OPINION / OBSERVER
'D10' 5G club an outdated idea with Cold War mind-set
Published: May 31, 2020 10:05 PM

Photo: IC



It was less than six months ago that the Boris Johnson government granted Chinese tech company Huawei a limited role in the country's 5G networks, but recently it's widely believed that the UK is signaling an about-face. 

Shortly after news broke that the UK government was drawing up plans to force a full phase-out of Huawei from Britain's 5G networks by 2023, it was reported Friday that London was proposing a "D10" club of democratic partners that includes the G7 nations, Australia, South Korea and India to reduce dependence on Huawei 5G technology. 

The UK's seemingly untenable position on Huawei is not completely unexpected. For one thing, the US has been pressuring Britain to reconsider its decision of including Huawei as one of the country's 5G network suppliers. For another, there has been a loud group of China-skeptic MPs urging the UK government to scrap the decision on Huawei citing the excuse that it could compromise national security. 

The D10 proposal hopes to form an alliance of 10 democracies to create an alternative pool of 5G equipment and technologies to Huawei. It is another sign that UK decision-making still bows to US pressure. By rallying 10 like-minded countries against China, the plan is largely a Cold War-style design. But today's world can't be dominated by ideology as it was during the Cold War era. 
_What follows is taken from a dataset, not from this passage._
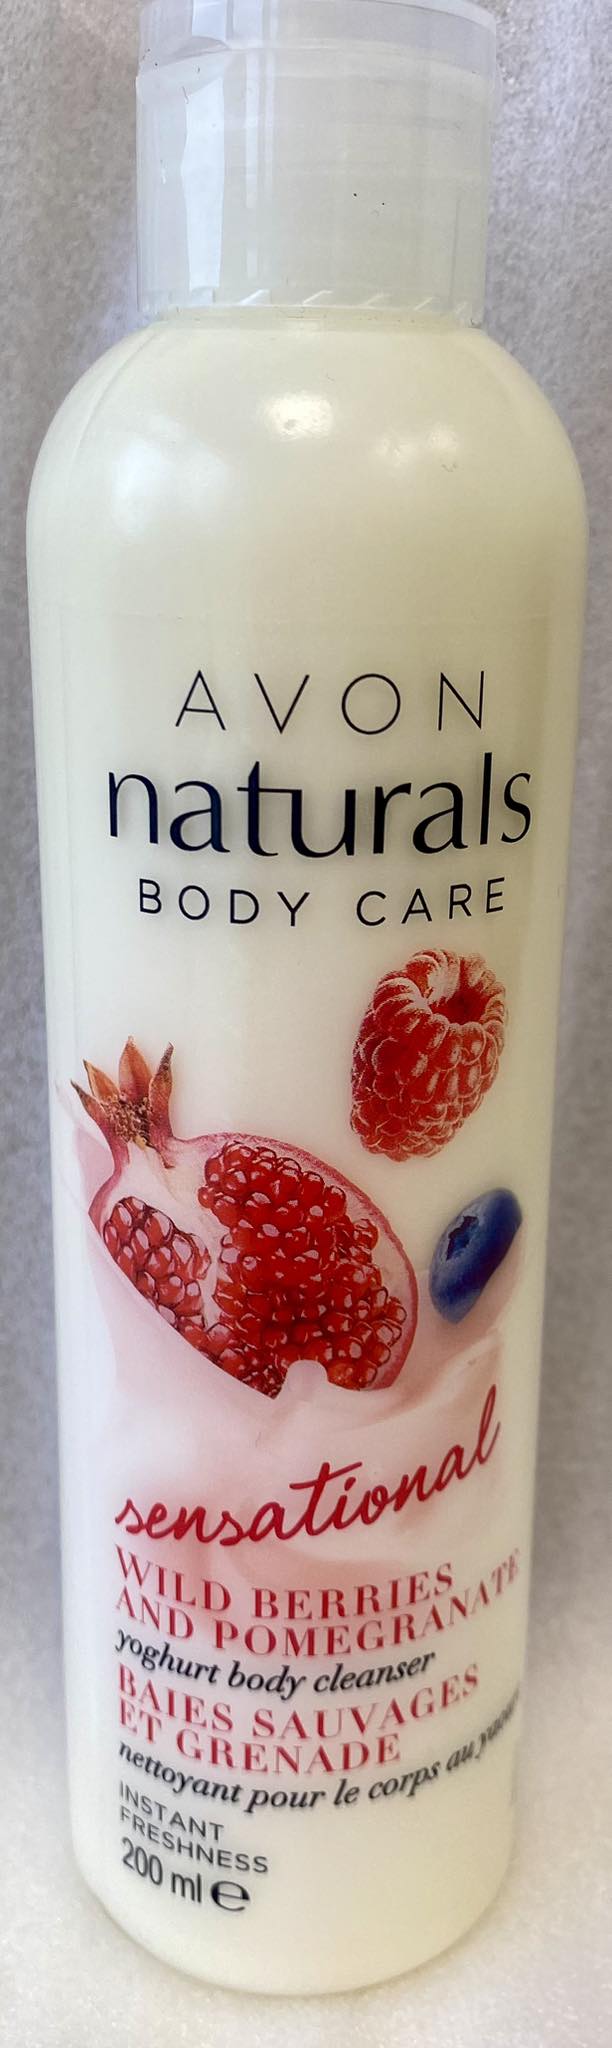 Body lotion - Naturals Body Care

For many of the D10 countries including South Korea, Germany and the UK itself, their telecom operators have deep cooperation with Huawei. If the company is excluded from their 5G rollout, their 5G development will be delayed, crippling their national competitiveness on the international stage. Therefore, it's hard to say whether the D10 club will be easily formed. Even if it comes into being, there will be many uncertainties about whether it can function effectively.  

The idea of D10 also reflects that some Western countries still view technological issues through political lenses. Many of these countries, which used to be advanced technology leaders, cannot accept and adapt themselves to the fact that China is leading the world in 5G technology. Some Western politicians and media outlets are hyping up the "threats" China's 5G technology may bring. China has adopted technologies from the West in its development, but China has never narrowly believed they are security threats.

China's 5G technology has aroused suspicion and anxieties in some Western countries. They are upset that the West is losing its technological superiority and because of their deep-rooted ideological prejudice against the Chinese political system. 

With the US ratcheting up its crackdown on Huawei and intensifying confrontation with China, the Huawei 5G issue has wide ramifications. If the UK allies with the US against Huawei, that means taking sides between the two biggest economies and blindly following the US in a technological Cold War with China. In that case, the UK cannot expect China to treat it the same as before in terms of economy and trade. Britain should avoid being manipulated by the US and serving the latter's interests as foolishly as Australia. 

German Chancellor Angela Merkel said in January that she would advise against regarding China as a threat "simply because it is economically successful." It would be wise for European countries to consider this advice. It's in their interests to treat advanced technology fairly and rationally.